When reactants undergo a chemical reaction by binding to an enzyme, they are referred to as substrates.
Enzymes are catalysts-they bring substrates together in a precise orientation that makes reactions more likely to occur.
Active-site binding helps substrates to collide in a precise orientation so that particular bonds can break and new bonds can form to generate products.
The steps of a enzyme catalyze reaction include:
Initiation
Transition state facilitation
Termination
There are three different types of enzyme “helpers”:
Cofactors are inorganic ions, such as the metal ions Zn2+ (zinc), Mg2+ (magnesium), and Fe2+ (iron), that reversibly interact with enzymes.

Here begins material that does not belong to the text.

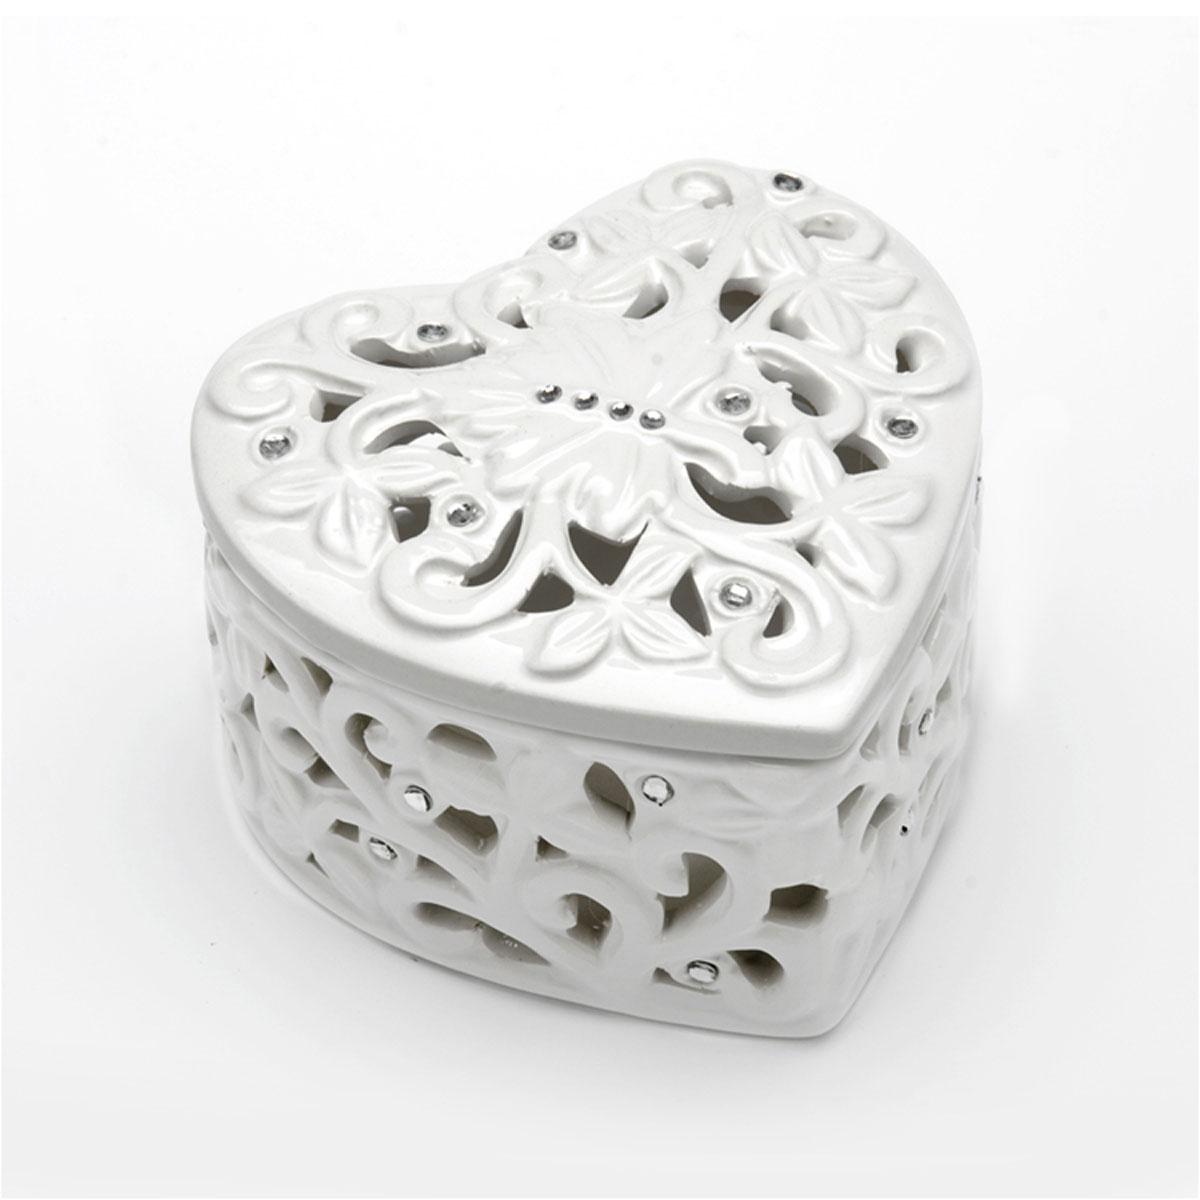 Шкатулка декоративная Loraine Сердце, 11 х 10,5 х 6,5 смSO02600Шкатулка декоративная Loraine Сердце, украшенная оригинальным ажурным узором и стразами, удачно украсит ваш интерьер. Изделие выполнено из доломита. Стильная форма и интересное исполнение идеально впишутся в любой стиль интерьера, а универсальный цвет подойдет к любой мебели.Такая шкатулка может использоваться для хранения бижутерии, а также послужит хорошим подарком для человека, ценящего практичные и оригинальные вещицы.Размер шкатулки: 11 х 10,5 х 6,5 см.

Coenzymes are organic molecules that reversibly interact with enzymes.
Prosthetic groups are atoms or non-amino acid molecules that are permanently attached to proteins.
The rate of an enzyme-catalyzed reaction depends not only on substrate concentration and the enzyme’s intrinsic affinity for the substrate, but also on temperature and pH.
The regulatory molecule is similar in size and shape to the enzyme’s natural substrate and inhibits catalysis by binding to the enzyme’s active site which is a tactic called competitive inhibition.
The regulatory molecule binds at a location other than the active site and changes the shape of the enzyme.
This type of interaction is called allosteric regulation because the binding event changes the shape of the enzyme in a way that makes the active site available or unavailable.
Each of the molecules are built by a series of reactions, each catalyzed by a different enzyme and this multistep process is referred to as metabolic pathways.
A convenient way to regulate metabolic pathways is to use the final product of the reaction sequence to inactivate one of the pathway’s own enzymes and this type of regulation is called feedback inhibition.
The metabolic activity of other microbes is now being scrutinized and engineered to clean up a variety of human-made pollutants-giving rise to a new technology called bioremediation
Those that break down molecules for sources of energy and carbon building blocks are called catabolic pathways.
Those that use energy and carbon building blocks to synthesize molecules are called anabolic pathways.